On Thursday, a former FAA safety inspector admitted taking bribes in the form of shirts, dinners, money, prostitutes, and an airplane from key executives of Guam-based Hansen Helicopters.
During Day 19 of the trial of USA v. John D. Walker (owner and CEO) and Hansen Helicopters, witness Timothy Cislo, formerly a $102,000-a-year FAA Honolulu FSDO Aviation Safety Inspector, said he took these bribes in exchange for falsifying multiple airworthiness certificates for Hansen’s fleet of more than 50 Hughes 369 turbine single-engine helicopters. The company leased them out for $40,000-a-month each through a collection of Hansen-controlled, third-country offshore entities for use as tuna boat-based spotting aircraft in the vast Northern Western Pacific. Cislo also said he handled paperwork to help Walker, a licensed FAA A&P mechanic, to qualify for renewal of his FAA aircraft inspector authorization.
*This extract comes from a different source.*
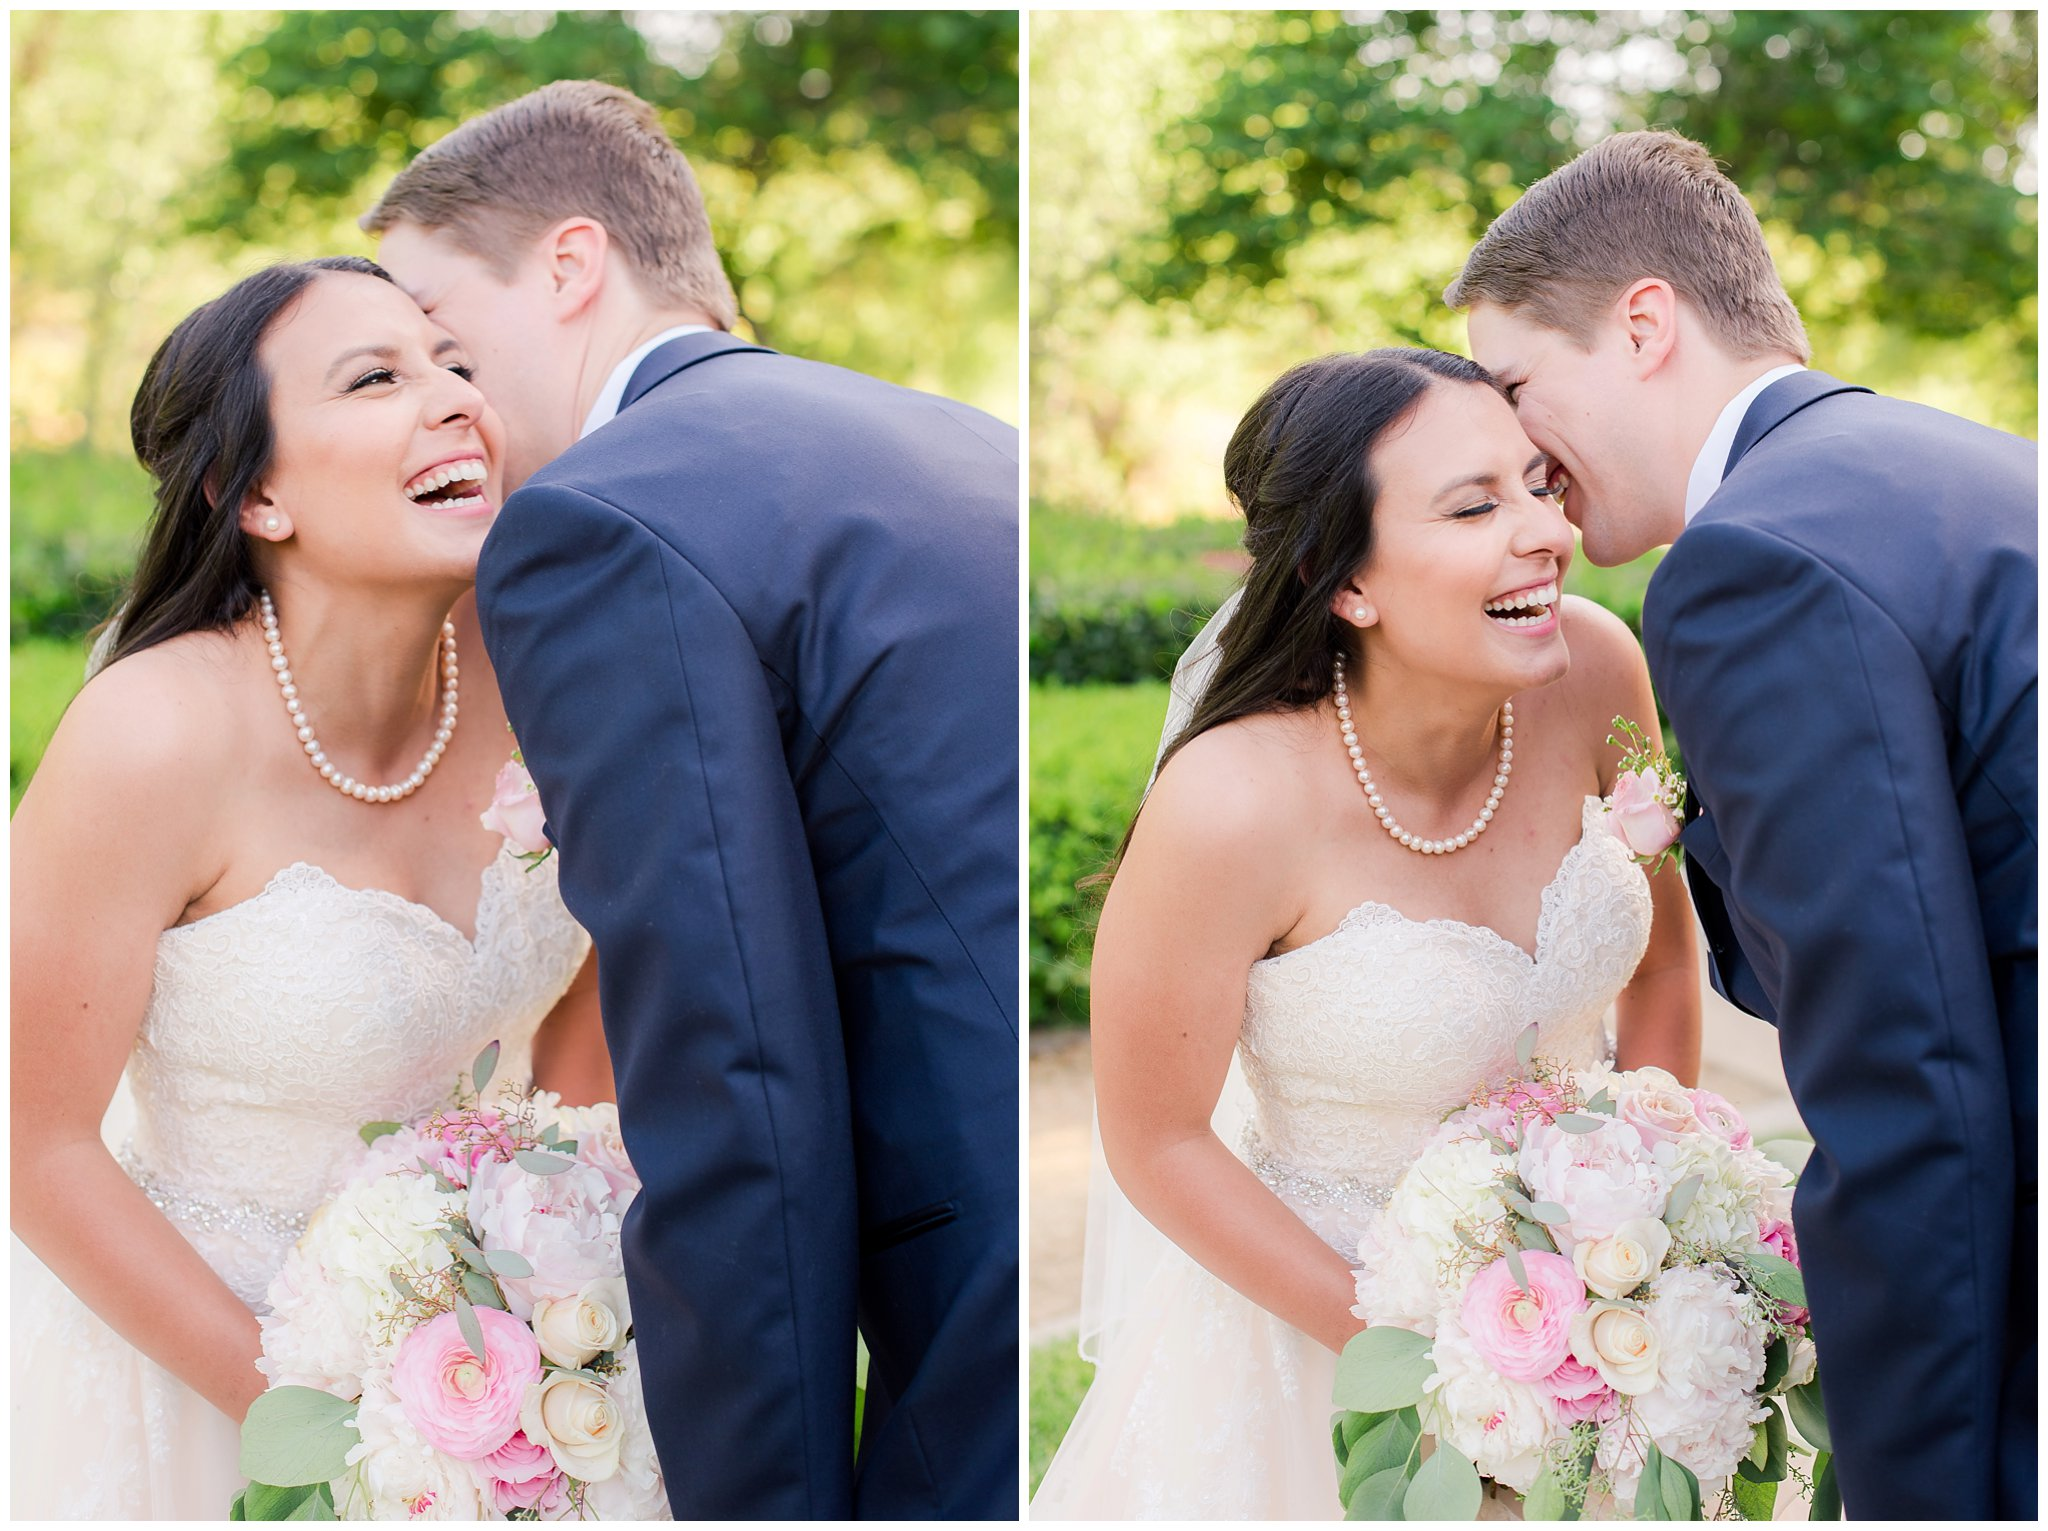 David-Girard-Vineyards-Wedding-Wedgewood-Weddings-51.jpg

Federal prosecutors have alleged that Hansen operated a fleet of “Frankenstein helicopters,” assembled for as little as $82,000 each, and replete with unapproved parts, falsified logbooks, and mismatched data plates belonging to scrapped aircraft retrieved from salvage yards. The U.S. government suggested that these practices were at least in part responsible for 30 accidents that killed nine over two decades. Walker has pleaded not guilty.
Earlier in the trial, Marvin Reed, formerly Hansen’s executive v-p and a defendant in separate, related proceedings, acknowledged that the company had been using unapproved parts for years. “Yes, that’s correct,” he told Marie Miller, the special assistant U.S. attorney leading the prosecution.
Reed, along with Hansen’s operations director Kenneth “Rufus” Crowe and maintenance director Phillip “Turner” Kapp had their cases severed in March and are expected to plead guilty to reduced charges during proceedings now scheduled for mid-June. Charges against another co-defendant, Frank F. Litkei Sr., owner of Spares Inc. in Florence, Oregon, were dropped after he died before the trial.
Under questioning from Miller on Thursday, Cislo admitted taking “money and hookers” from Hansen between 2009 and 2017. Hansen also shipped Cislo, who lives in Hawaii, a vintage Taylorcraft single-engine airplane, which he assembled and flew. Miller produced a collection of emails, primarily between Cislo and Hansen’s Crowe, which the prosecution said showed a clear and ongoing criminal conspiracy and a mutually beneficial, informal, and personal relationship. Cislo typically used his personal email address for these communications and admitted to visiting Walker at his home hangar in Missouri.
In connection with the case, in 2018 Cislo pleaded guilty to three felony counts of honest services wire fraud. He has yet to be sentenced but could face penalties of up to 20 years imprisonment and $250,000 in fines on each count. He no longer works at the FAA. During his testimony, Cislo characterized his relationship with Hansen as “completely unprofessional and unacceptable. Any regard for safety was thrown out the window, in the garbage can. I allowed them [Hansen] to operate. I looked the other way.”